O céu coberto de estrelas resplandecia
indiferente sobre sua pálida fronte. De vez em quando, um tresnoitado, com a gola
do gibão erguida até às orelhas, passava apressadamente ao seu lado, olhando-o
com desconfiança.
E o miserável voltava o rosto
com medo de ser conhecido, de que lessem em sua fisionomia a infâmia que cometera.
Chegou com mão trêmula, meteu a
chave na fechadura e tremeu ao ouvir o ruído dos gonzos que gemiam.
A voz do remorso gritou nesse
momento em sua consciência. Sentiu como que um punhal lhe atravessar as
entranhas.
— És tu?
E dois braços o apertaram, e os
lábios beijaram seus lábios.
— Olha! É uma coisa horrível. Estava
pensando que tinhas perdido tudo, que já não tínhamos onde colocar o berço do
nosso filho. Que loucura! É verdade?...
E ela dizia tudo aquilo com os olhos fitos nos
seus, apertando-lhe as mãos, feliz por tê-lo a seu lado.
— E se fosse certo?
Disse-o num tom frio, seco
como quem, conhecendo sua falta, pretende evitar o castigo, fazendo sentir a
superioridade de suas forças materiais.
E ela ficou com os olhos
muitos abertos, quase espantada.
Por que misterioso
pressentimento lhe dissera a verdade o coração?

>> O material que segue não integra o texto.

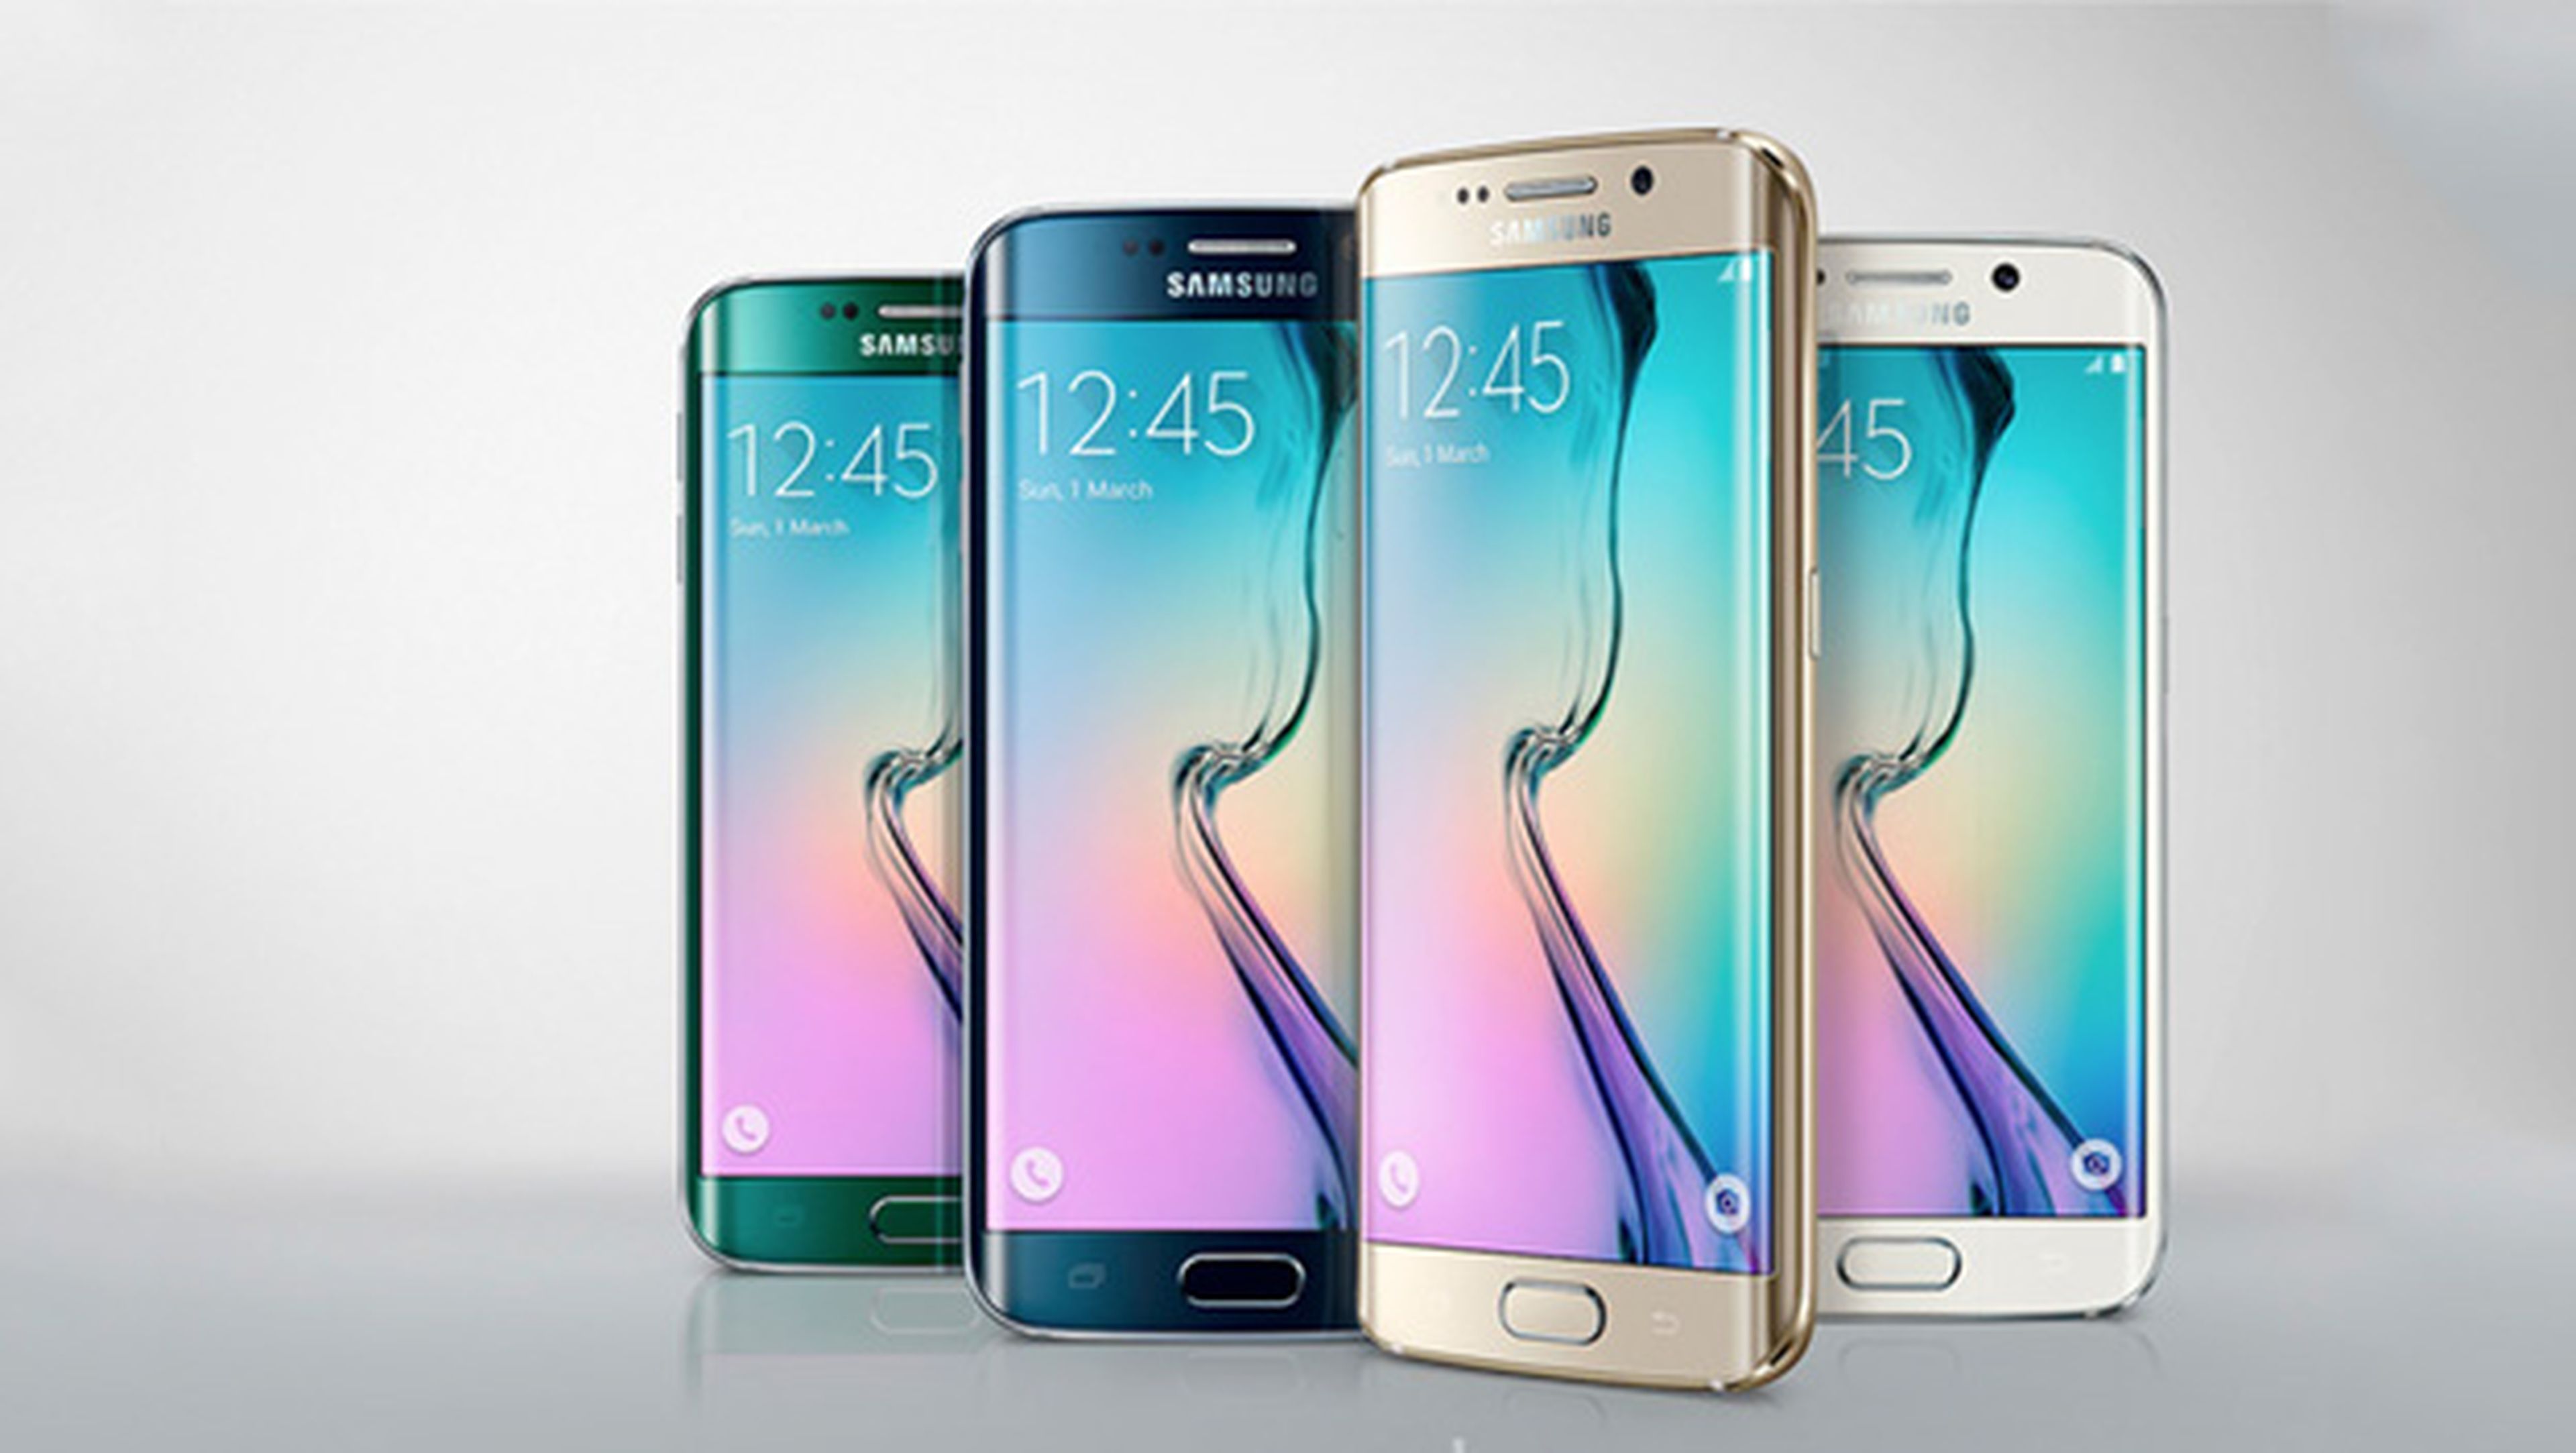 Samsung galaxy new. Samsung s6. Samsung g925f Galaxy s6 Edge. Samsung Galaxy (SM-g925) s6 Edge. Samsung s6 2016.

— Que importa? Uma mãe sempre
acha com que alimentar seu filho — disse ela com uma das mãos apoiada ao berço.
E via tal majestade em sua
postura, tão corajosa altivez em seu olhar, que o miserável, caindo de joelhos:
— Perdão — gritou banhado em lágrimas.
Desde esse dia, Nicolau Tomás
foi o melhor dos esposos e o mais honrado dos homens.
Vencido pela virtude de uma mãe, a mãe de seu filho, não quis ser inferior a ela; e, artífice infatigável
no trabalho, recuperou com fartura a fortuna que havia perdido.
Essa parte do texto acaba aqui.